▸ Directions for this task
Write out only the lines from the line containing "Hacking The Matrix Galaxy A22 4G" to the end of the listing below, both included, exactly as they stand. Drop the pictures.

··· Exercise data

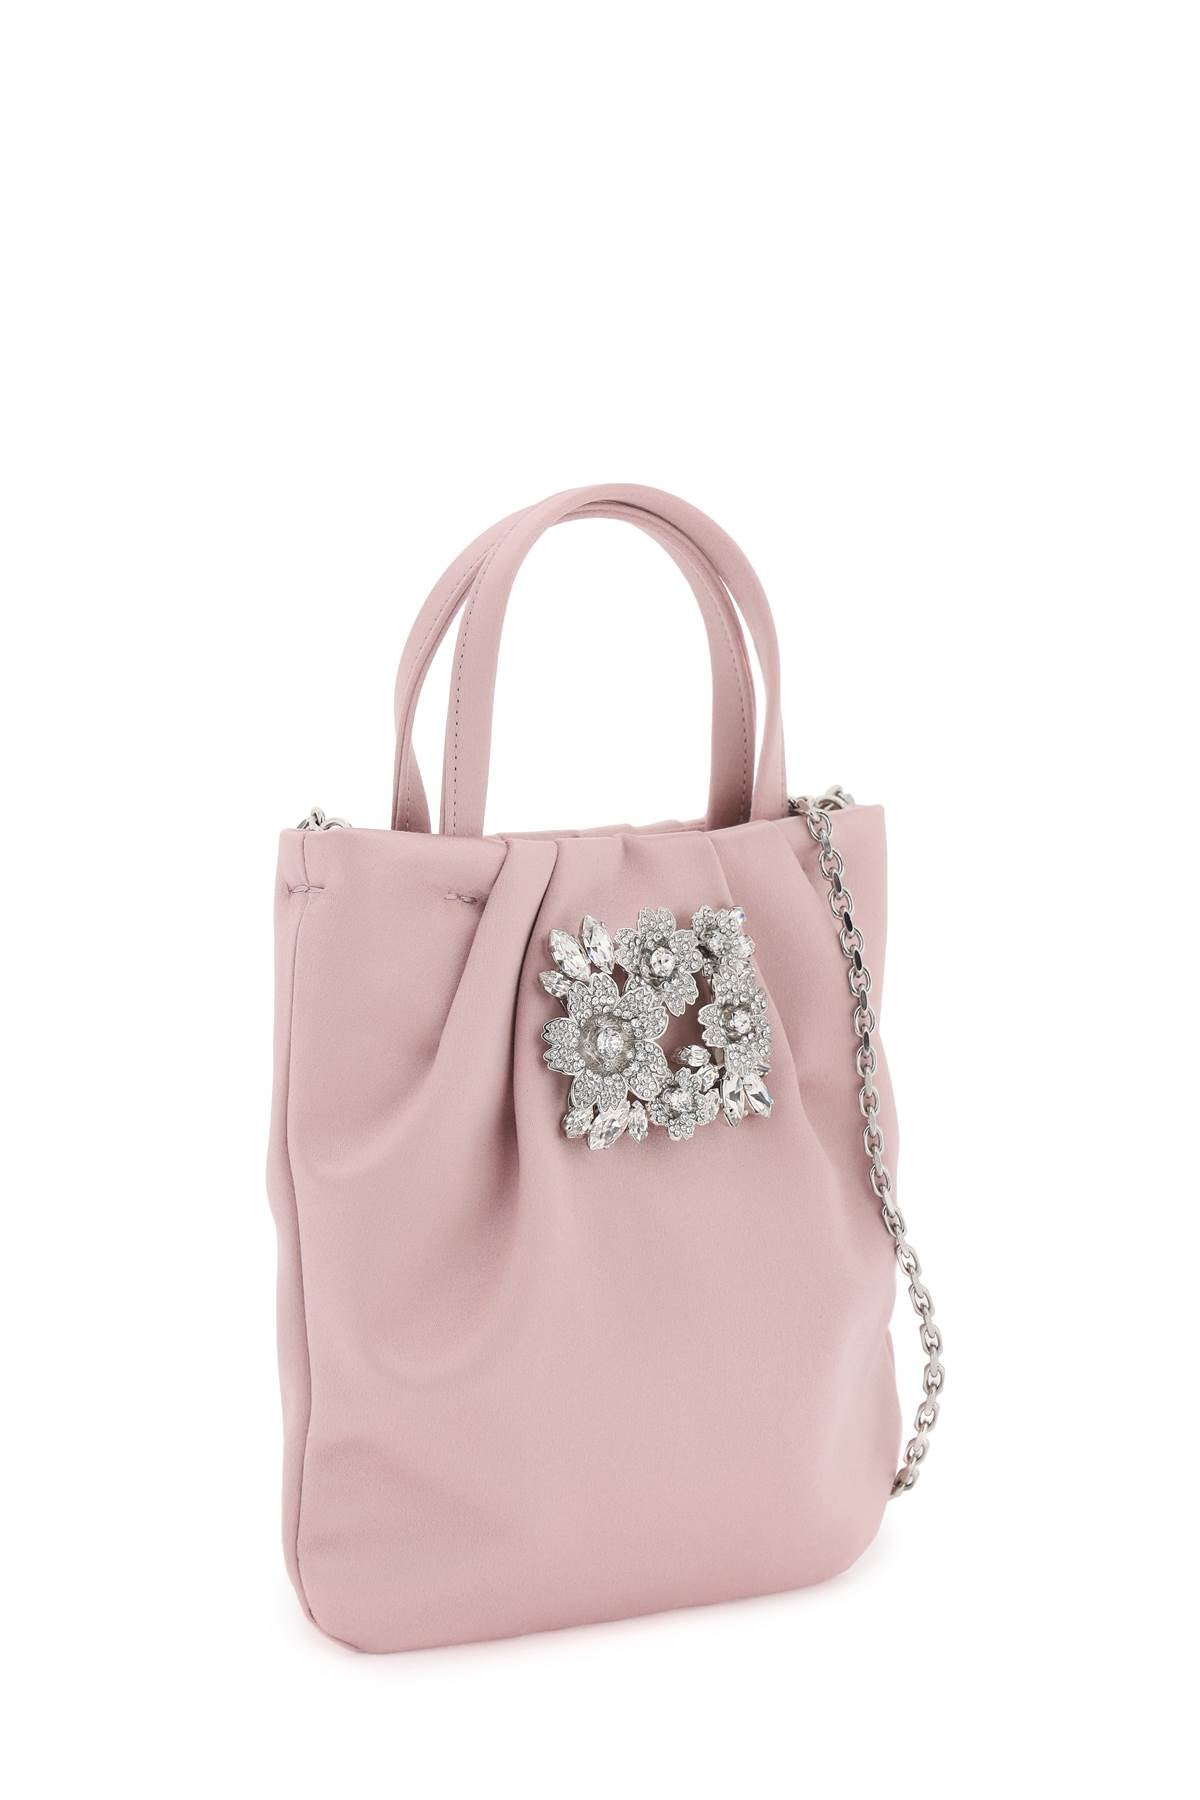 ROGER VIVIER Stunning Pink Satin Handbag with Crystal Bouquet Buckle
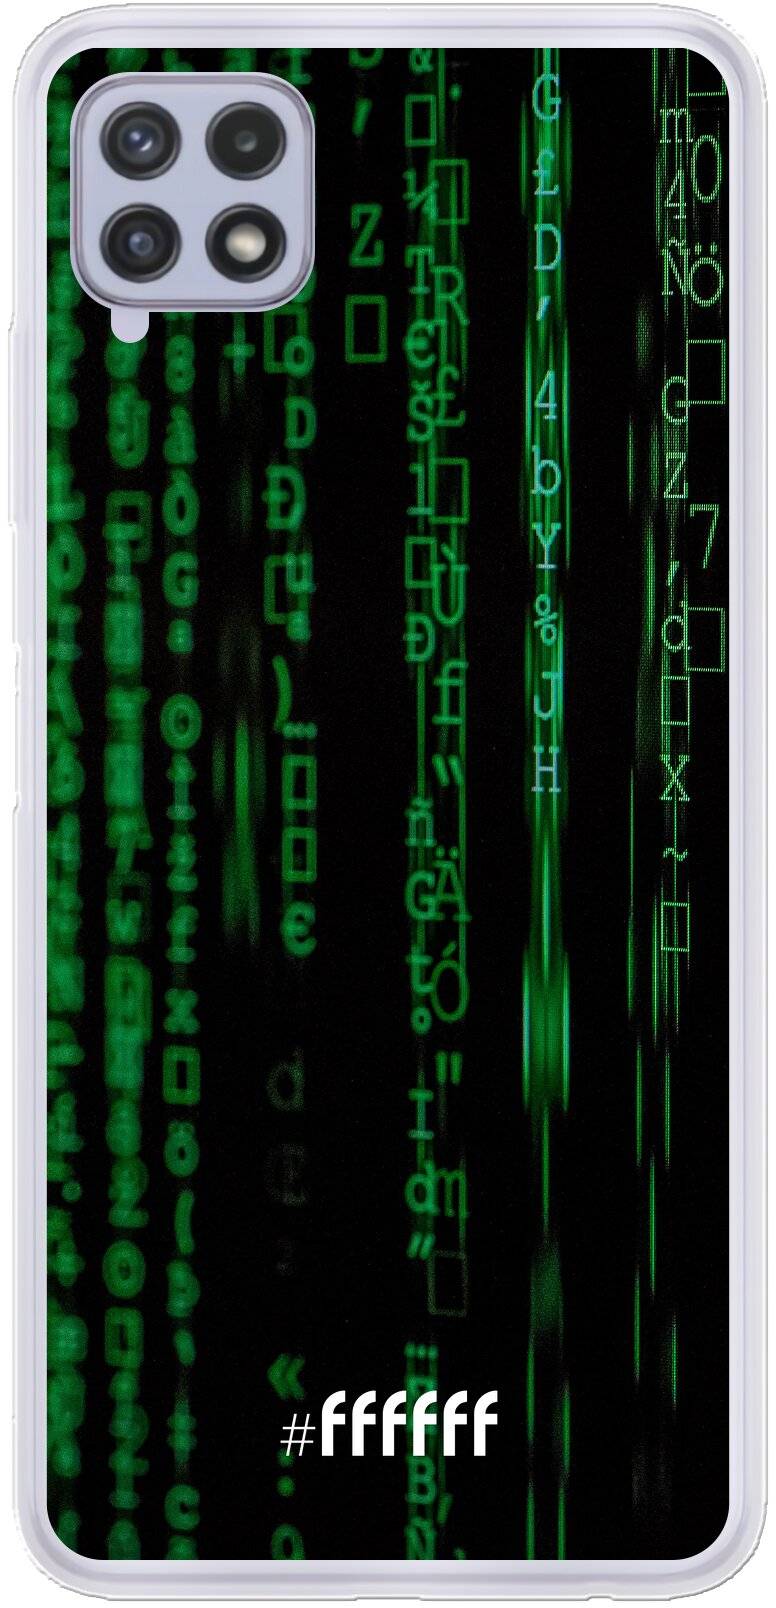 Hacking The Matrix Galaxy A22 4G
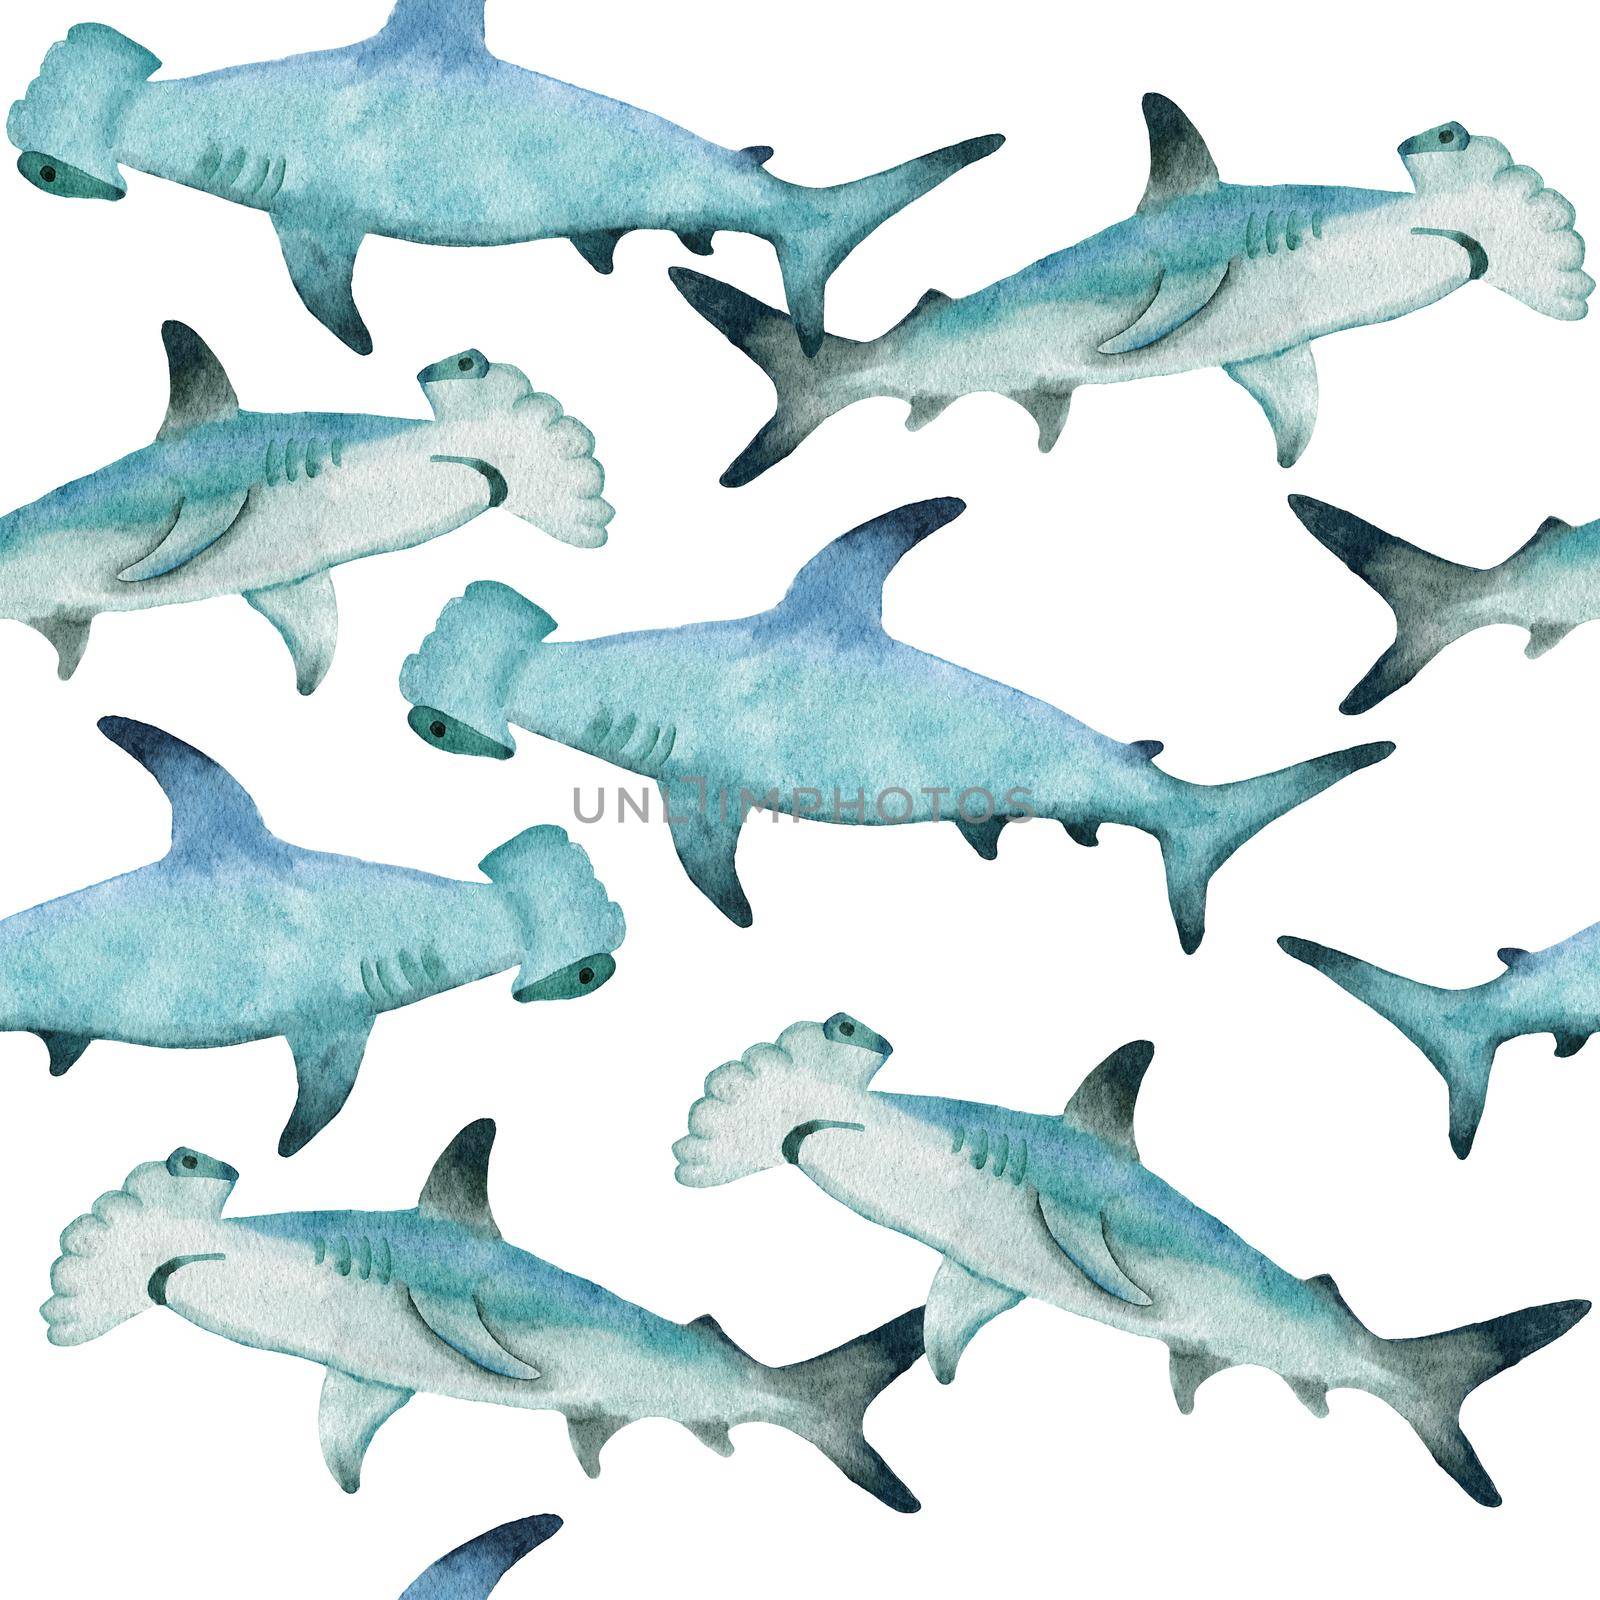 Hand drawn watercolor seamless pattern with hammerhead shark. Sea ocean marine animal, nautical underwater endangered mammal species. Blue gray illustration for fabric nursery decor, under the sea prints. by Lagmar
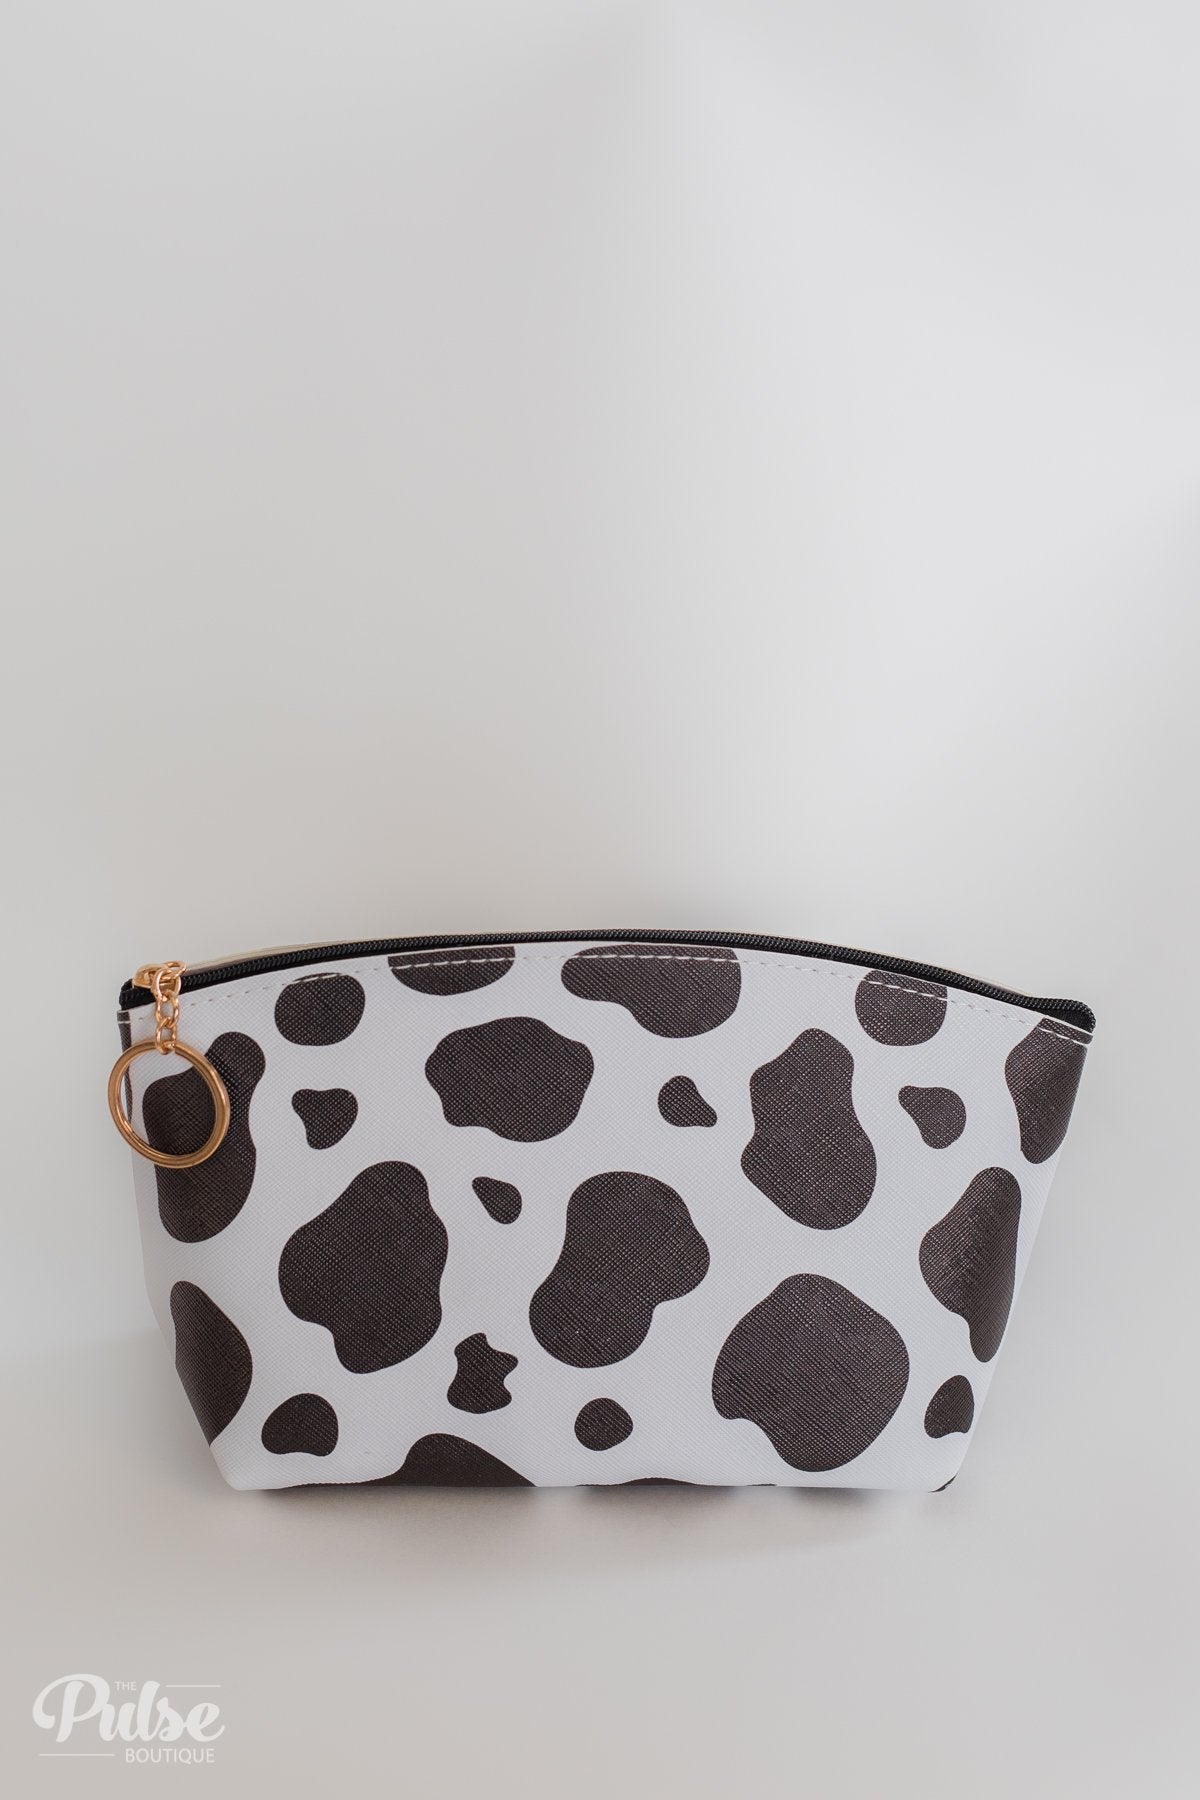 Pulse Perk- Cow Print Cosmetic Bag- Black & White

······

▸ Answer for this exercise
 Hacking The Matrix Galaxy A22 4G
 Hand drawn watercolor seamless pattern with hammerhead shark. Sea ocean marine animal, nautical underwater endangered mammal species. Blue gray illustration for fabric nursery decor, under the sea prints. by Lagmar
 Pulse Perk- Cow Print Cosmetic Bag- Black & White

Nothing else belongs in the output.